Thank you for these thoughtful, informative, well documented

and supportive replies.

 

Ah, not so fast. Come back here...

 

There is no sexual activity free of risk. When you engage in it, as a adult, you have to be aware of these risks and have to make up your own mind. Engaging in sexual activity -for an adult- is pretty much signing a waiver that says you understand and agree with the risks involved. Would you sign a waiver without knowing what it says?

 

How many times have I heard clients complaining about other ex-partners saying: "Joe told me he was clean, and see where that got me."

 

Okay, people need to just stop using the word 'clean' to inquire about a person's current sexual health. It's politically incorrect. I just recently got my whole 9 test done earlier this week.

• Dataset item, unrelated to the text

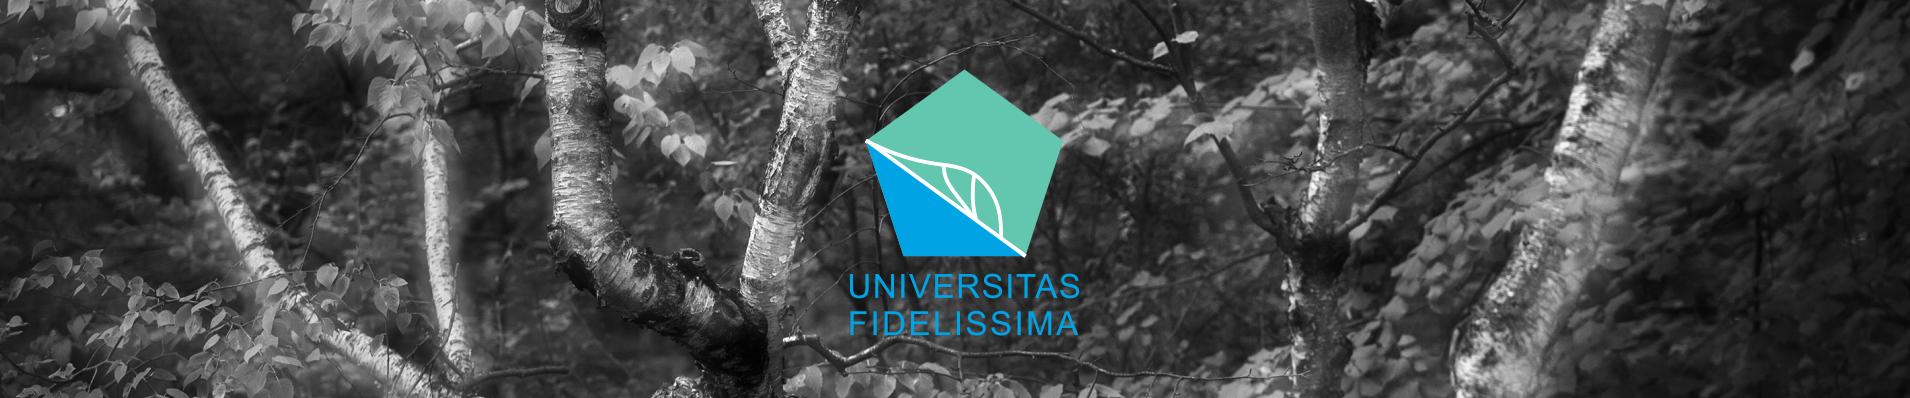 UNIVERSITAS FIDELISSIMA KFT.

Judging by the intrusiveness of such test, as far as sucking or getting sucked being 'safe', it's not. You can still get gonorrhea or chlamydia in your throat and not even have any symptoms obvious enough to warrant realizing you have it. Meanwhile, Mr. Johnny deepthroat is going around giving the clap to every guy he sucks off.

 

But I agree with Juan 100%. No sexual activity is risk free. I have to admit I'm getting annoyedwhen guys sometimes ask when I was tested, if I get tested, am I clean, yadda yadda yadda. Everyone needs to understand that is irrelevant. I know it makes you feel better, gives you peace of mine or what not...but the fact is, getting tested even every 3 months will not prevent something that may have been contracted 3 days (or hours) ago. As far as I know, there just isn't any test kits that you can do yourself that give results instantly.

 

I know, it sucks. But so is life. If someone is so concerned, you can either wear condoms for oral or not do it at all. Or at the very least, don't deep throat a guy since technically it's not in your saliva. It'd be in the very back of the throat. It's just all stuff to keep in mind. The good news is, it doesn't happen as often as it COULD happen. Not to mention, it's not a 100% chance you'll contract it even from an infected person, it's a 66% chance. I've gone to sex parties and bathhouses and thought for sure within 7-10 days I'd come up positive for something. But I trust clients moreso than guys out and about.